Text embeddings can be used to build recommendation systems that recommend products such as books and movies based on other products that you like. The basic approach is to create embeddings from textual descriptions of each item and then use a technique such as [cosine similarity](https://en.wikipedia.org/wiki/Cosine_similarity) to quantify similarity between embeddings. Scikit-learn provides tools such as the [cosine_similarity](https://scikit-learn.org/stable/modules/generated/sklearn.metrics.pairwise.cosine_similarity.html) function to aid in computing similarity, while OpenAI offers embeddings models such as `text-embedding-3-small` to create high-quality embeddings.

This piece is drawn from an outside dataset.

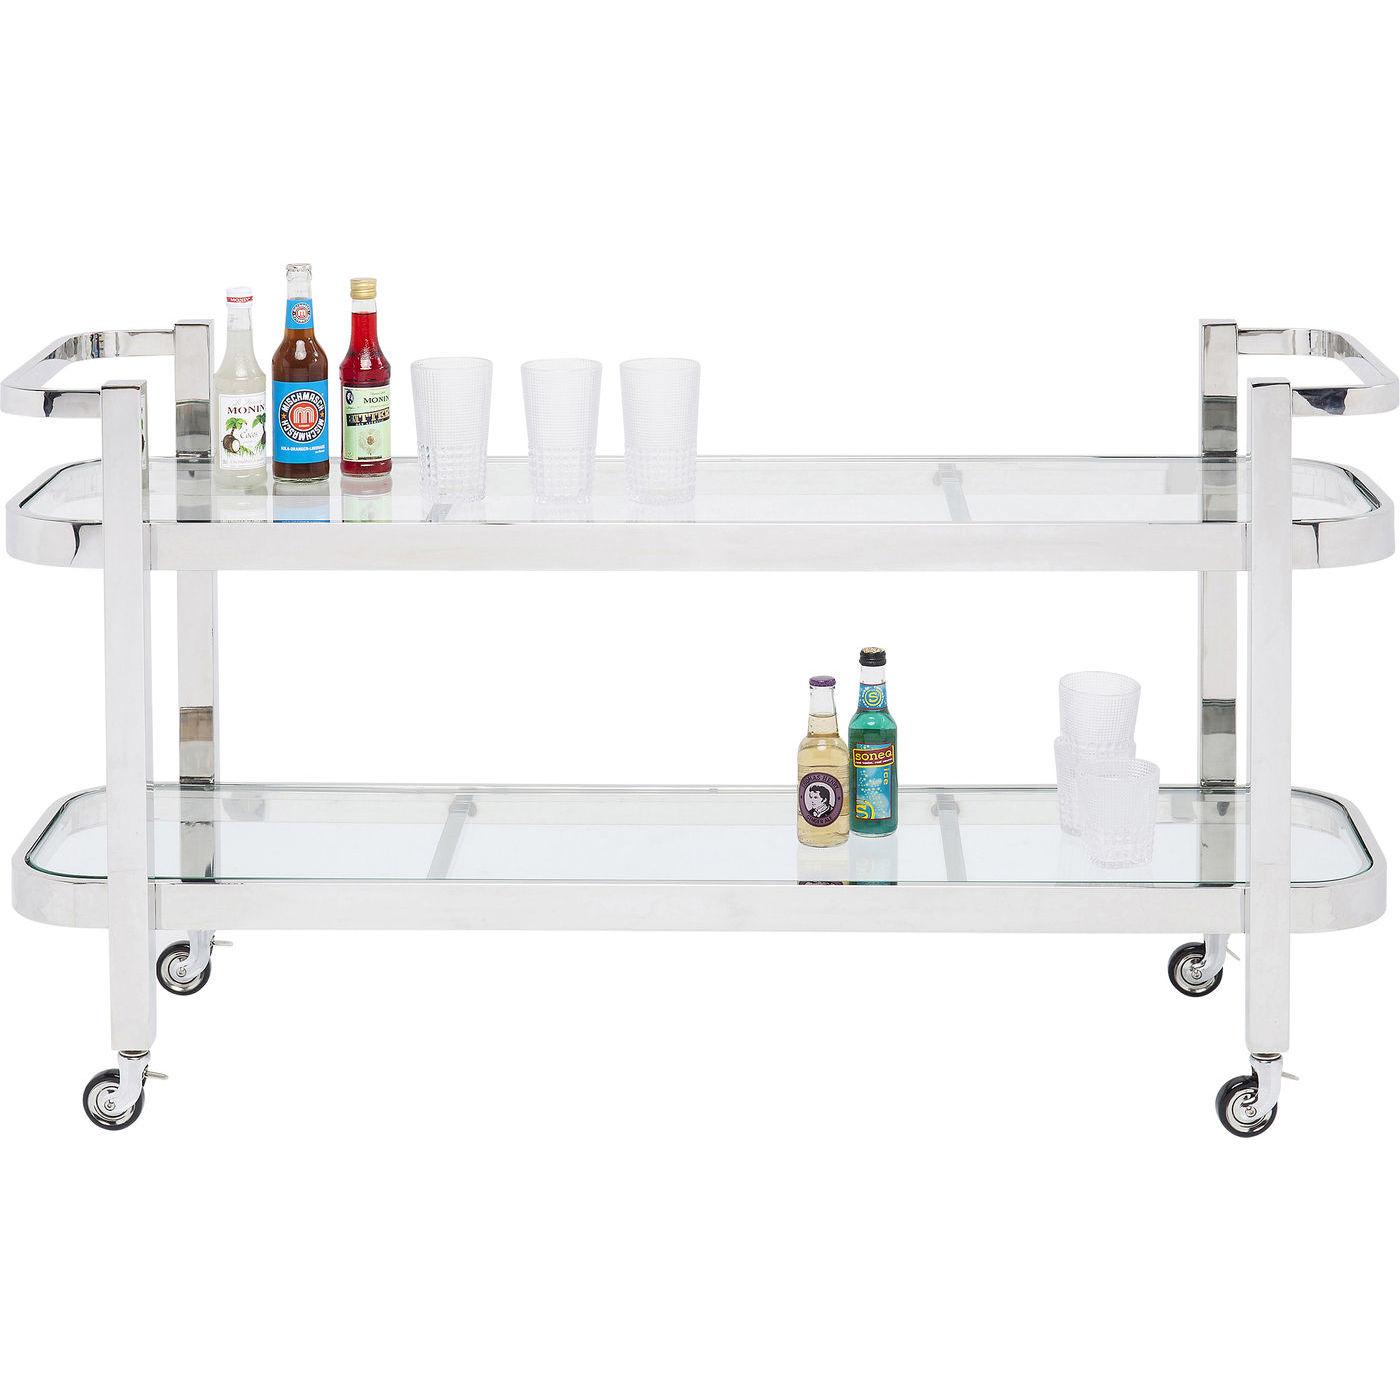 kare design Kare design daydrinking rullebord - klart glas/sølv stål, m. hylde og hjul (140x46) fra boboonline.dk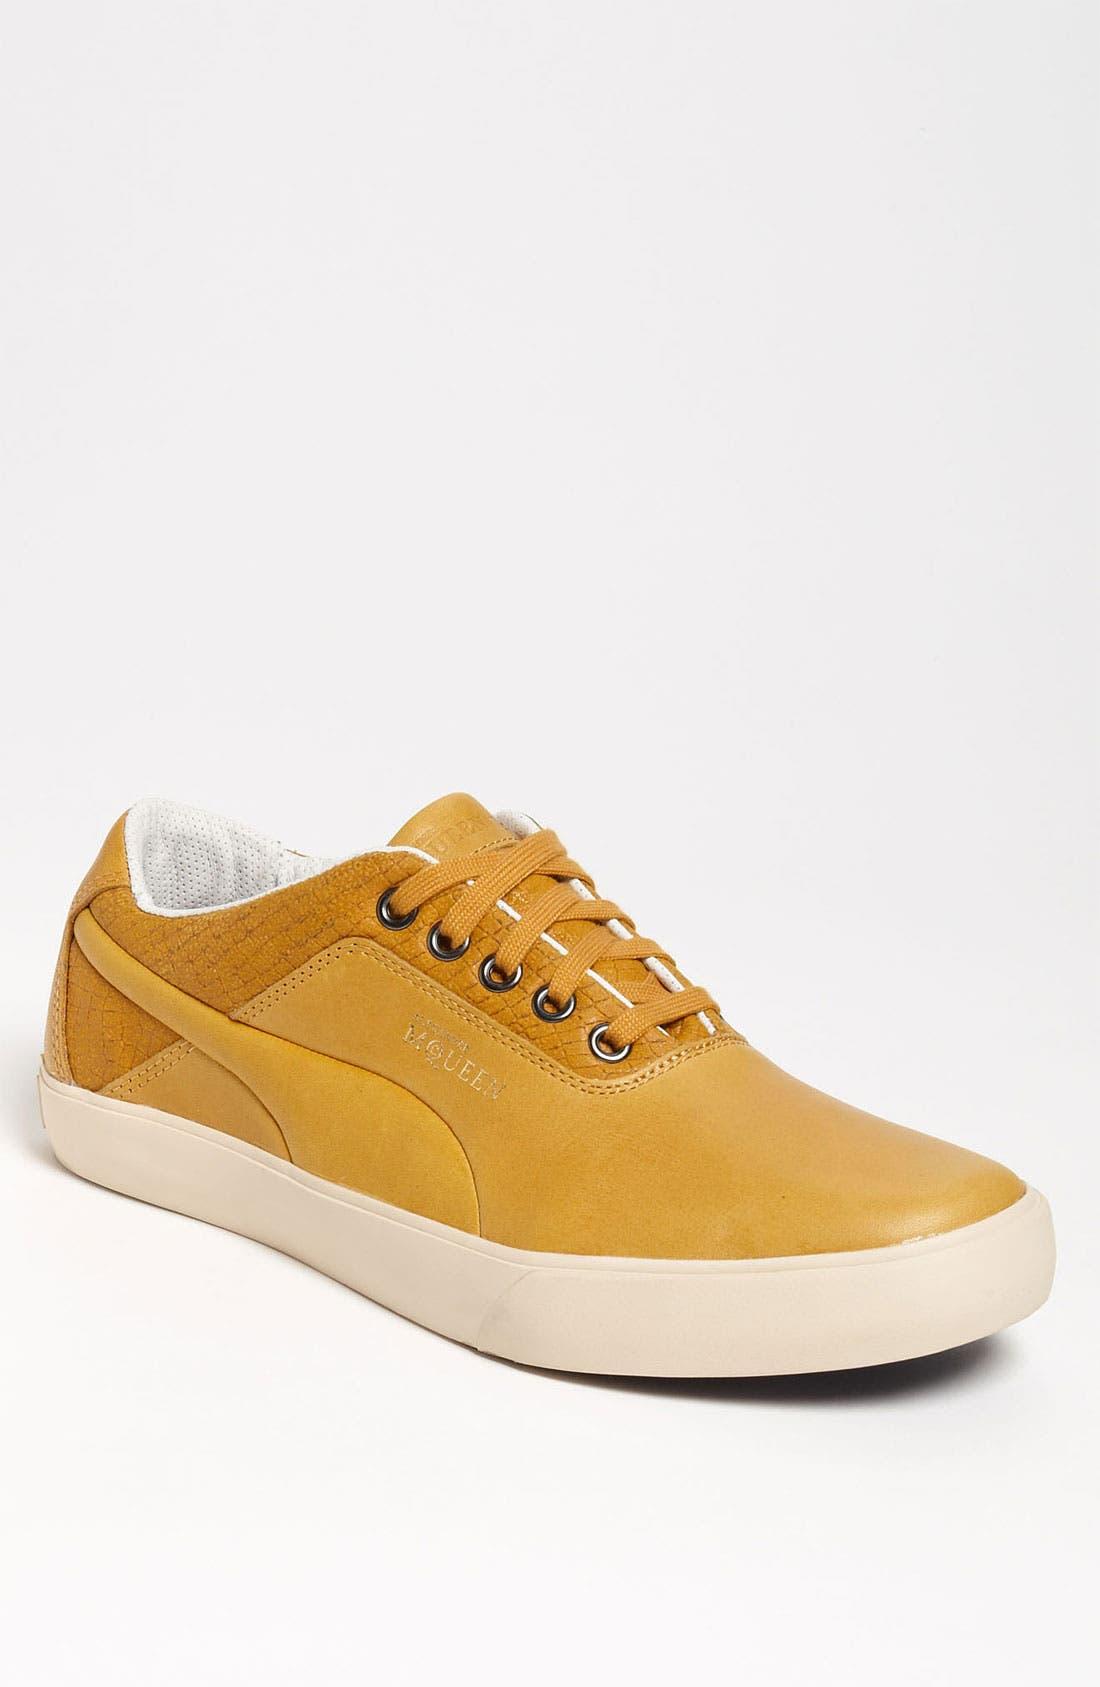 Alternate Image 1 Selected - Alexander McQueen PUMA 'Deck Lo' Sneaker

Let's build an embeddings-based recommendation system that takes a movie title as input and returns a list of similar movies.

![](Images/movies.png)

Start by loading a database of 4,800 movies that includes information such as the director, the cast, and the genre of each movie, as well as keywords describing the movie.

In [None]:
import pandas as pd

df = pd.read_csv('Data/movies.csv')
df.head()

Remove all of the columns except the ones that will be used to quantify similarities between movies.

In [2]:
df = df[['title', 'genres', 'keywords', 'cast', 'director']]
df = df.fillna('') # Fill missing values with empty strings
df.head()

Unnamed: 0,title,genres,keywords,cast,director
0,Avatar,Action Adventure Fantasy Science Fiction,culture clash future space war space colony so...,Sam Worthington Zoe Saldana Sigourney Weaver S...,James Cameron
1,Pirates of the Caribbean: At World's End,Adventure Fantasy Action,ocean drug abuse exotic island east india trad...,Johnny Depp Orlando Bloom Keira Knightley Stel...,Gore Verbinski
2,Spectre,Action Adventure Crime,spy based on novel secret agent sequel mi6,Daniel Craig Christoph Waltz L\u00e9a Seydoux ...,Sam Mendes
3,The Dark Knight Rises,Action Crime Drama Thriller,dc comics crime fighter terrorist secret ident...,Christian Bale Michael Caine Gary Oldman Anne ...,Christopher Nolan
4,John Carter,Action Adventure Science Fiction,based on novel mars medallion space travel pri...,Taylor Kitsch Lynn Collins Samantha Morton Wil...,Andrew Stanton


Add a new column named "features" to the DataFrame that combines all of the words in the other columns.

In [3]:
df['features'] = df['title'] + ' ' + df['genres'] + ' ' + df['keywords'] + ' ' + df['cast'] + ' ' + df['director']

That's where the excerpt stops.